I get up and continue at a brisk pace, suddenly tripping over a plank of wood. I flop down with full force. The undersides of my forearms break my fall, and I feel the gravel dig into my skin. I hurry to pick myself up, searching for an ivy-covered brick building, realizing that I’ll probably only be able to recognize it if I move back around to the front.

I sneak down an alleyway, keeping an eye on the street, wondering if the taxi driver may still be waiting.

With the light from the streetlamps guiding my way, I pass by several three-family houses. My breath is visible in the chilly night air. I cross my arms, trying to take my mind off the fact that I’m shivering, the fact that the house I just passed has several broken windows, and the fact that I don’t have my cell phone.

I blow on my palms in an effort to warm them, wondering if I should turn back around.

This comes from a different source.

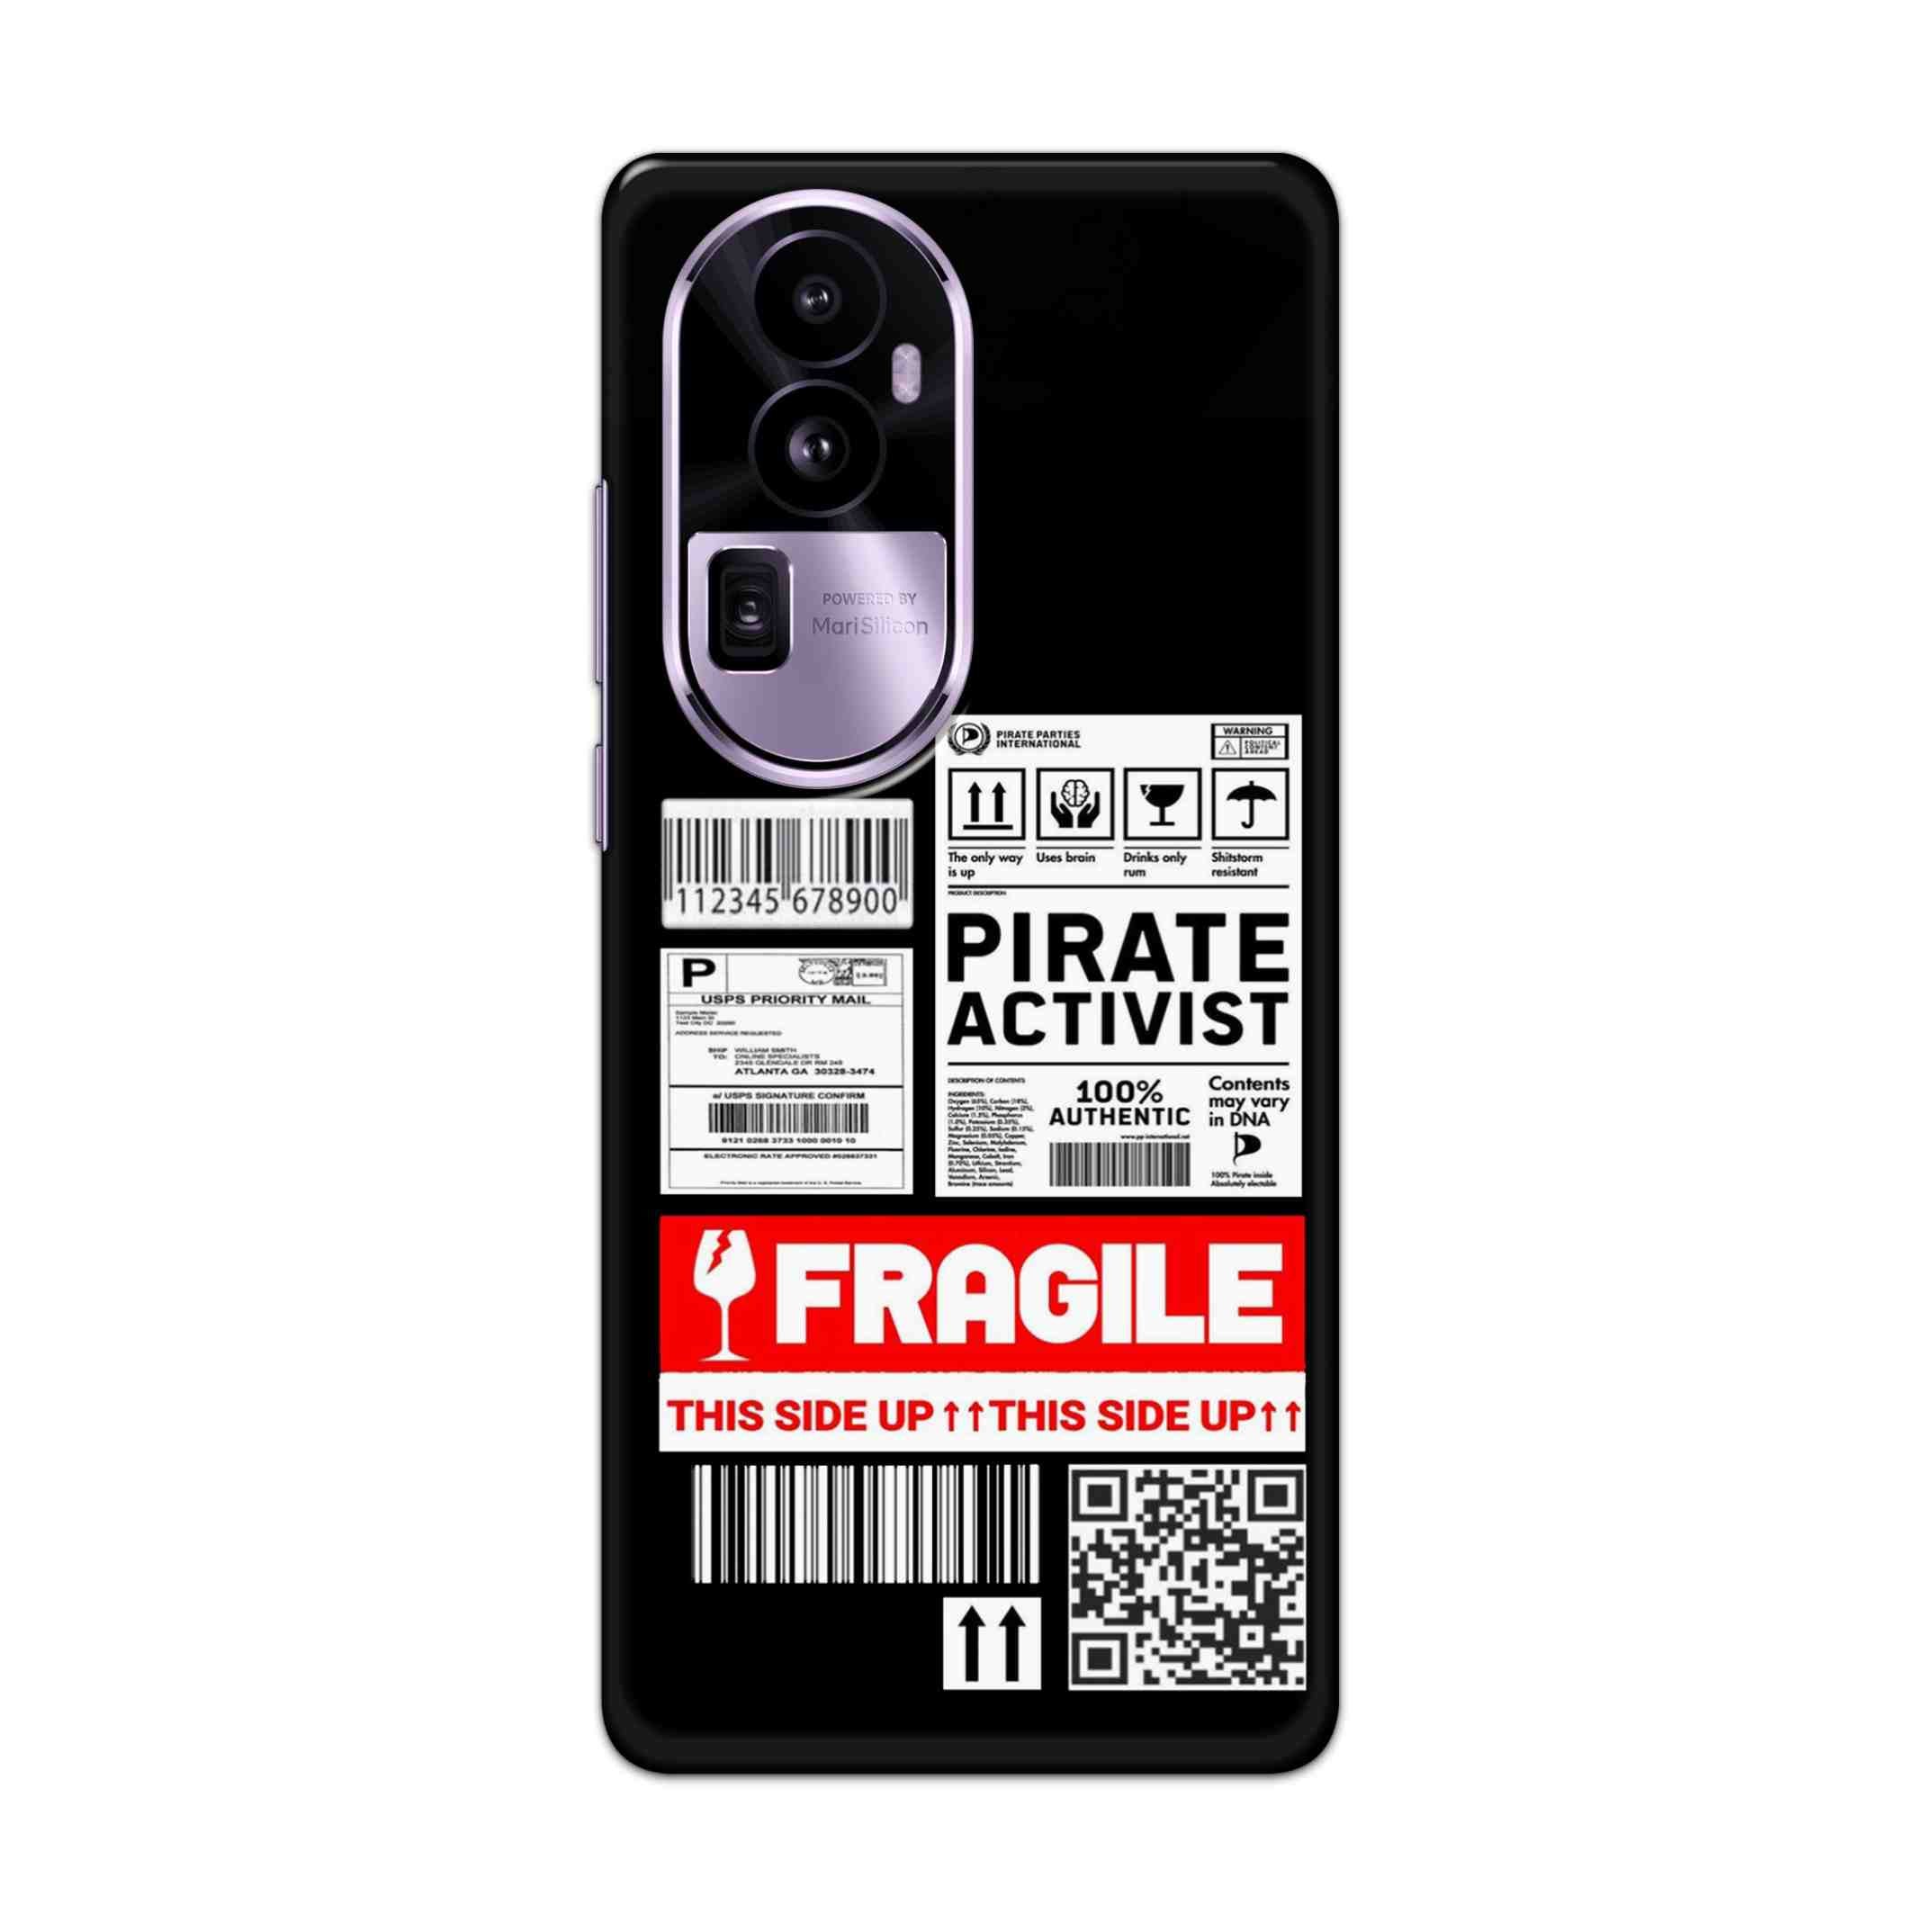 Buy Fragile Hard Back Mobile Phone Case Cover For Oppo Reno 10 Pro Plus Online

But then I finally see it.

The tarnished piano sign is unmistakable in the moonlight. The word
acorn
is etched in small gold letters, and yet there’s nothing indicating what this place really is. A piano showroom? A place where someone gives lessons? The home of a concert pianist?

A low-watt light casts a warm glow over the door. I start up the cement walkway, noting the ivy leaves crawling up both sides of the building. My fingers just shy of reaching the acorn knocker, I tell myself how crazy this is—even crazier than zoning out and hearing voices.

Because I’m totally on my own.

I consider turning away, wondering if I’d be better off going to Danica’s house. But then I find myself knocking anyway, because I simply can’t shake this feeling—this sensation that something horrible is going to happen if I don’t go in to stop it.

I knock again when no one answers, and then finally try the door handle. It opens with a click. I take a step inside, hearing the floorboards creak beneath my feet. The place is well lit: a wide-open showroom with at least twenty pianos displayed on a red velvet carpet.

“Hello?” I call. My heart is pumping so hard that it hurts.

A baby grand piano sits in the center of the room, with a vase of red flowers on top of it.